**Brief:** The copy you give must match the listing below exactly and contain no pictures.

**Data shown:**
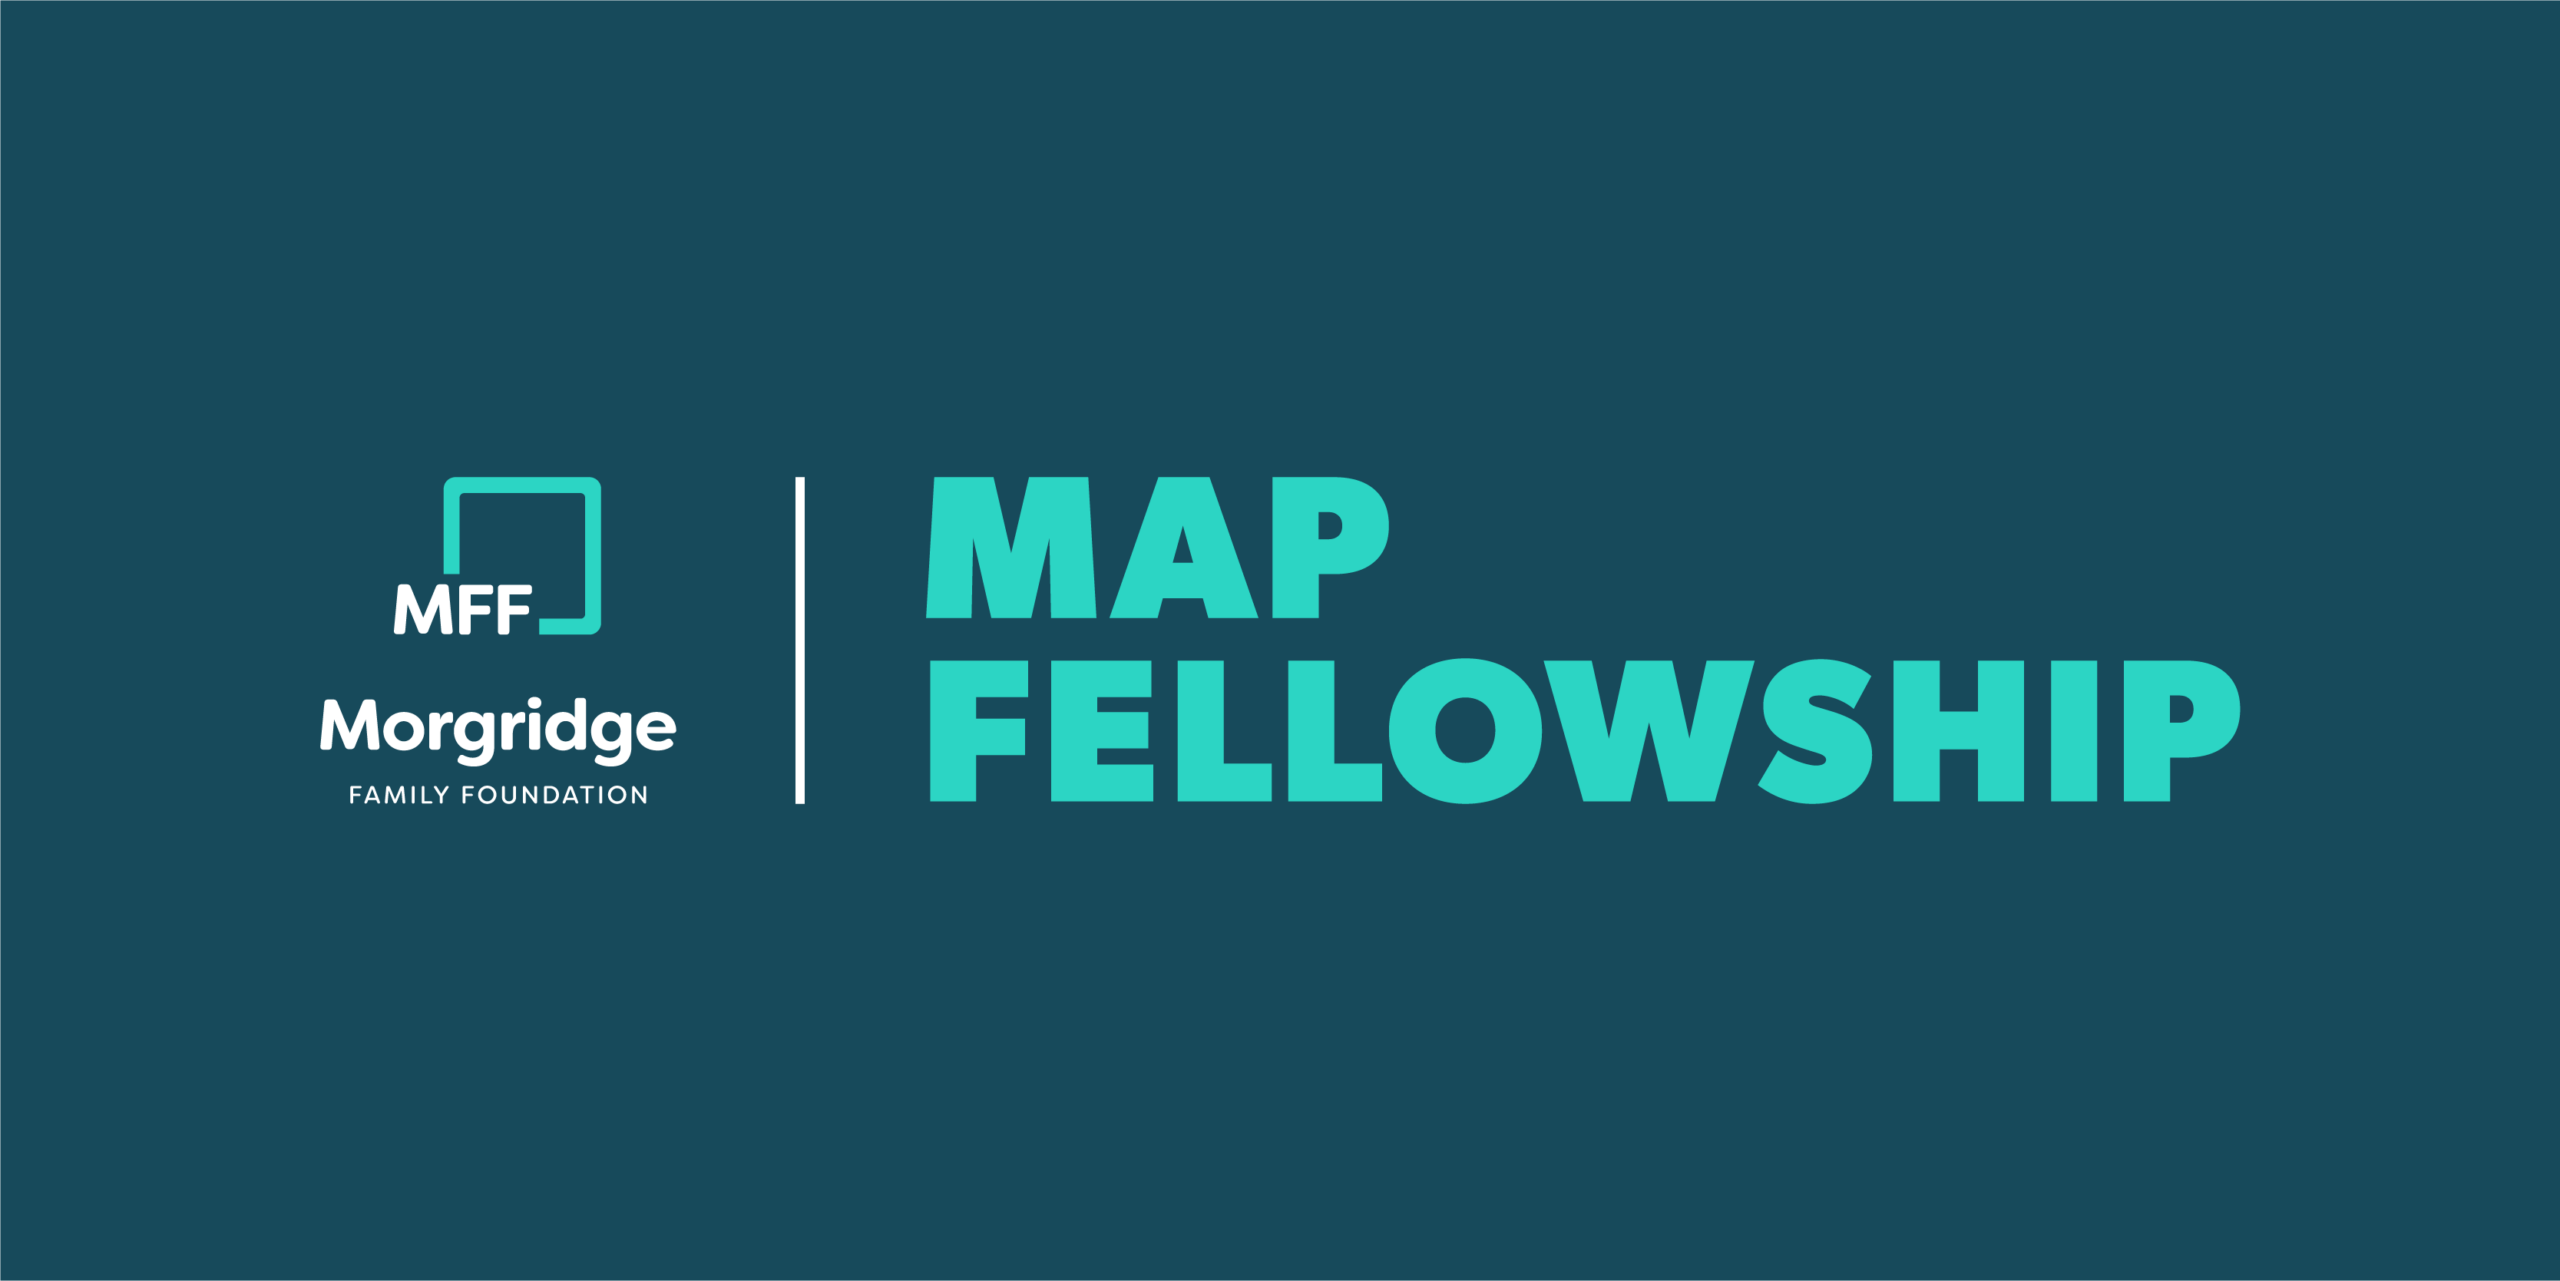 MAP Fellowship by the Morgridge Family Foundatio
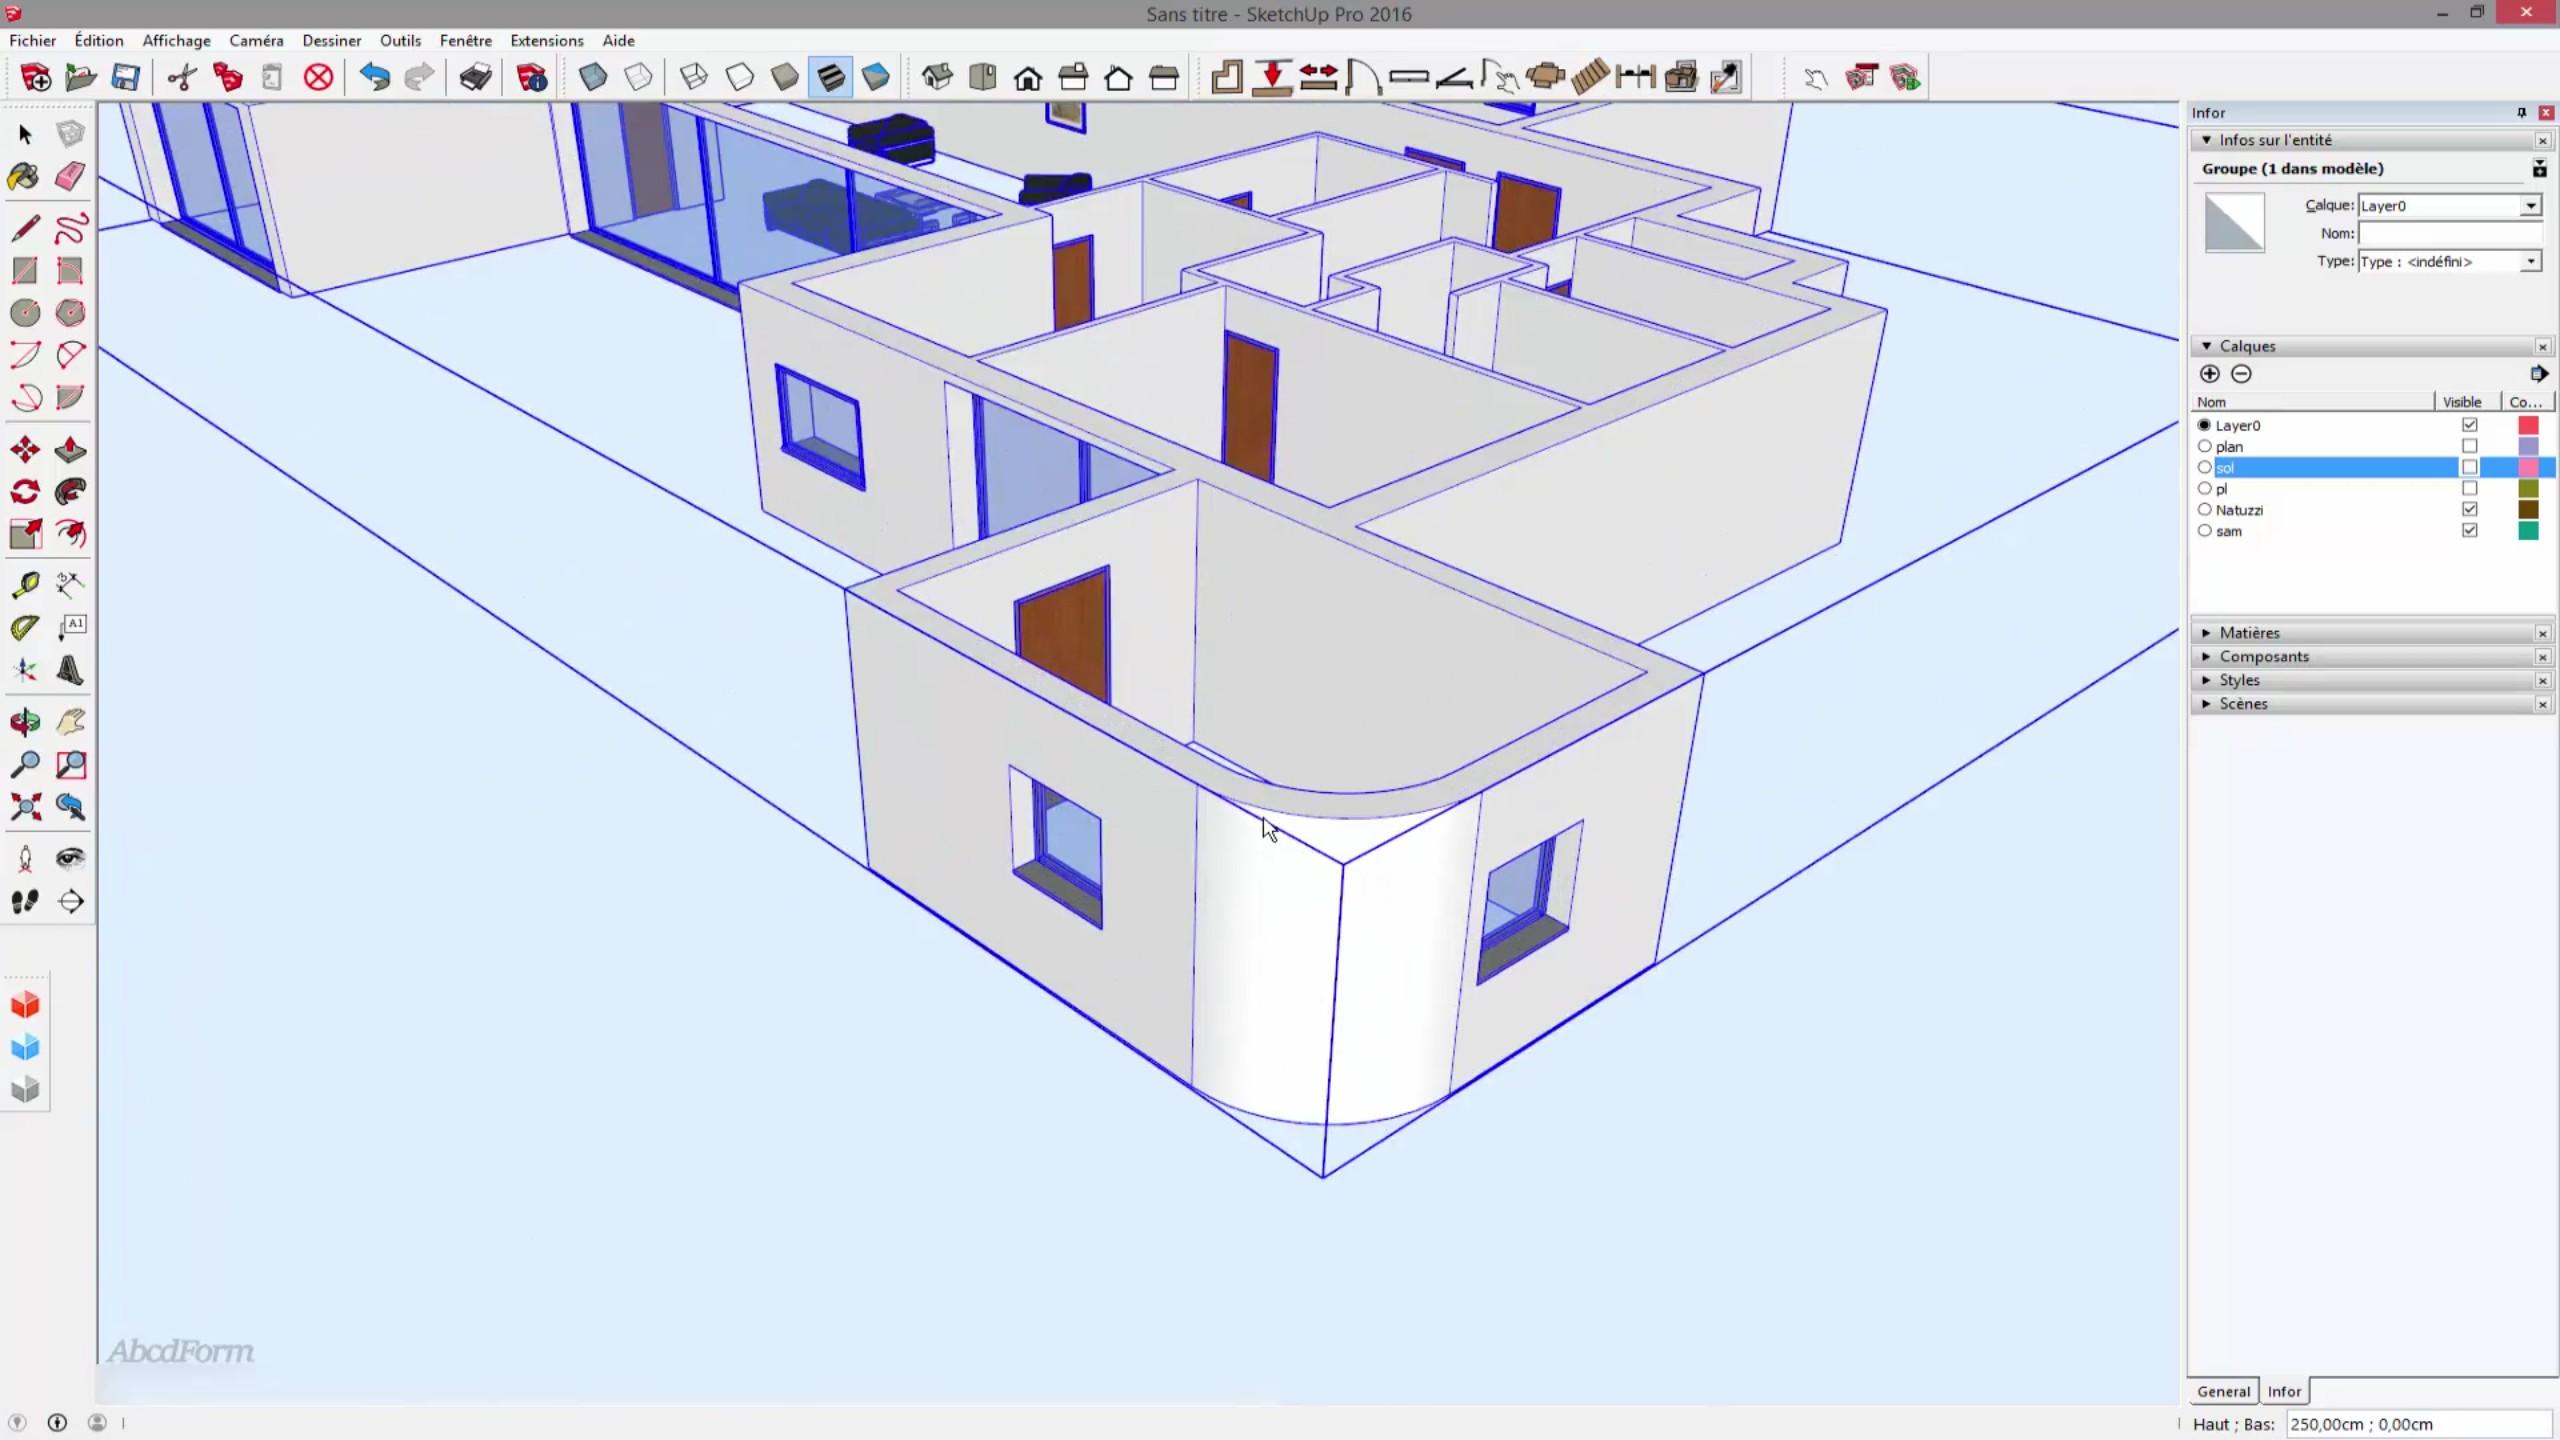 Crer plan maison en ligne faire plan maison en ligne for Dessiner jardin en ligne
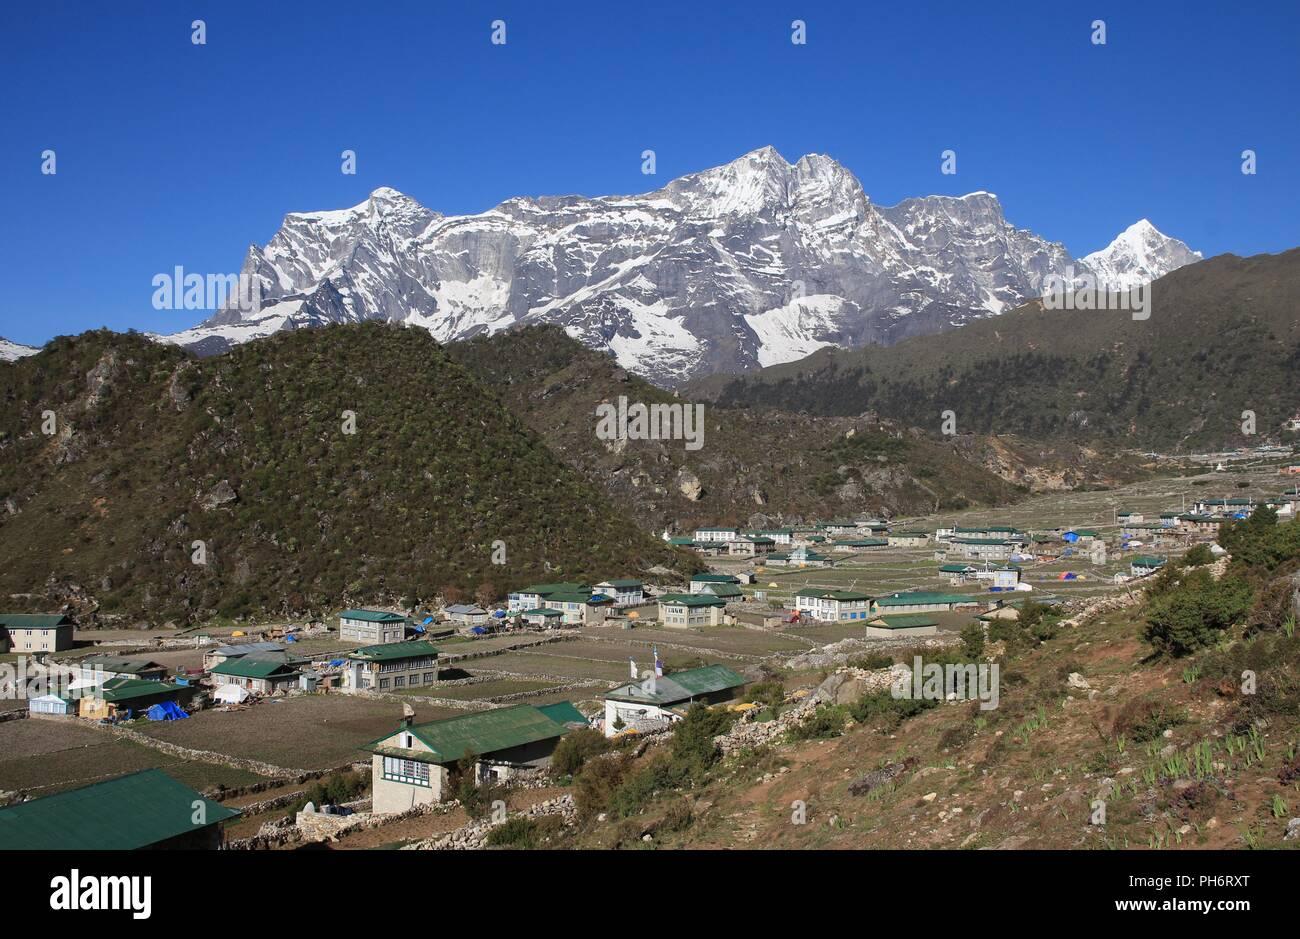 Khumjung, Sherpa village in the Everest National Park - Stock Image
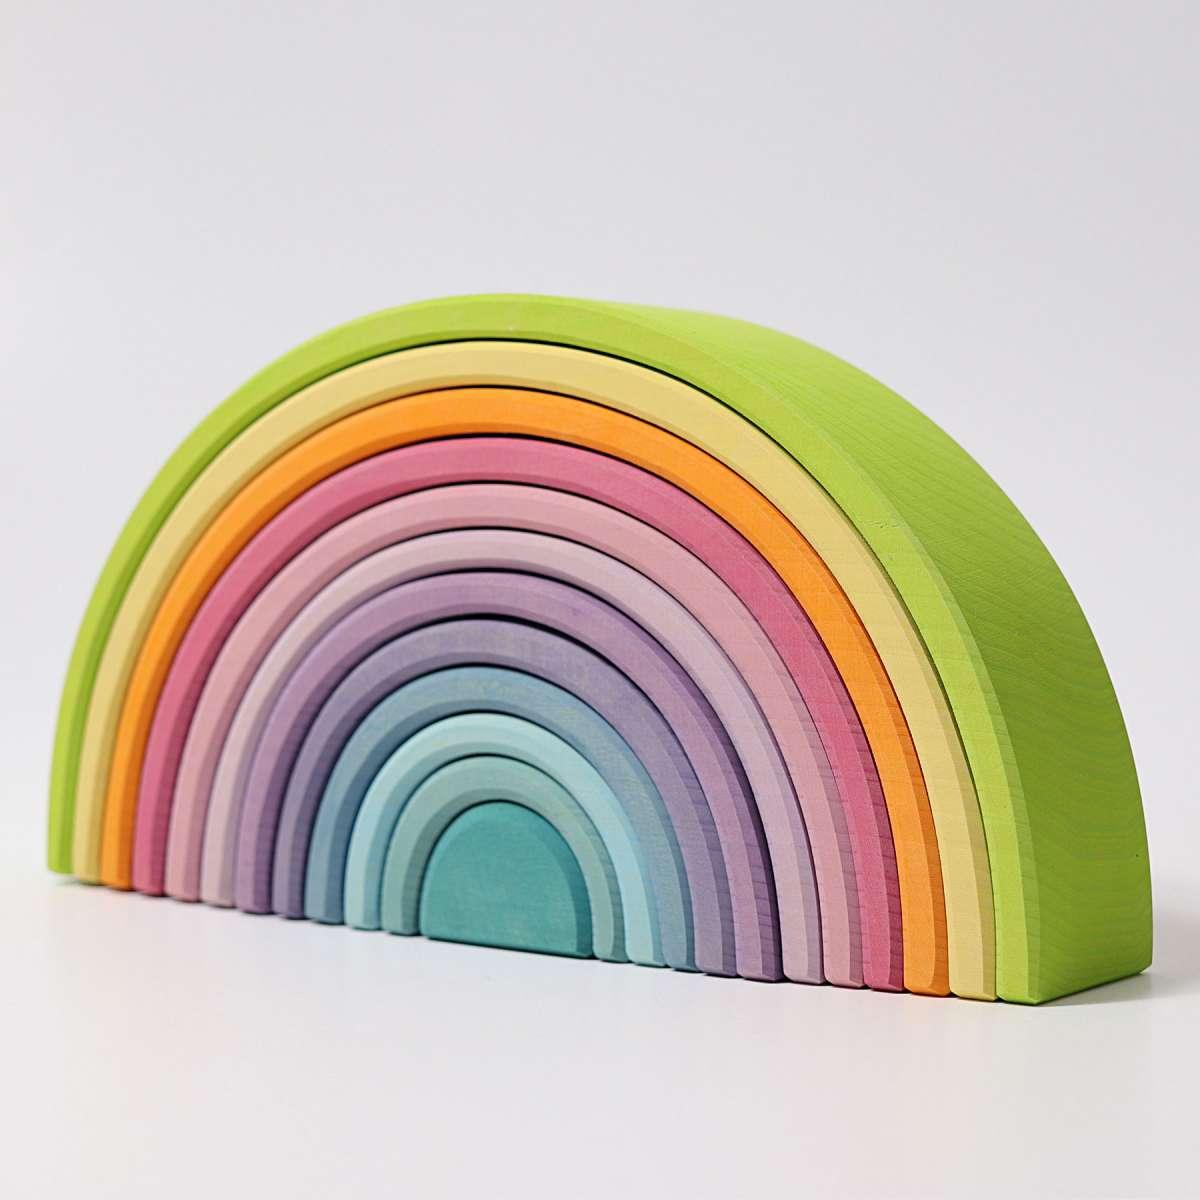 Grimms Regenbogen groß, pastellfarben,  12 teilig

**Exercise response:**
 MAP Fellowship by the Morgridge Family Foundatio
 Crer plan maison en ligne faire plan maison en ligne for Dessiner jardin en ligne
 Khumjung, Sherpa village in the Everest National Park - Stock Image
 Grimms Regenbogen groß, pastellfarben,  12 teilig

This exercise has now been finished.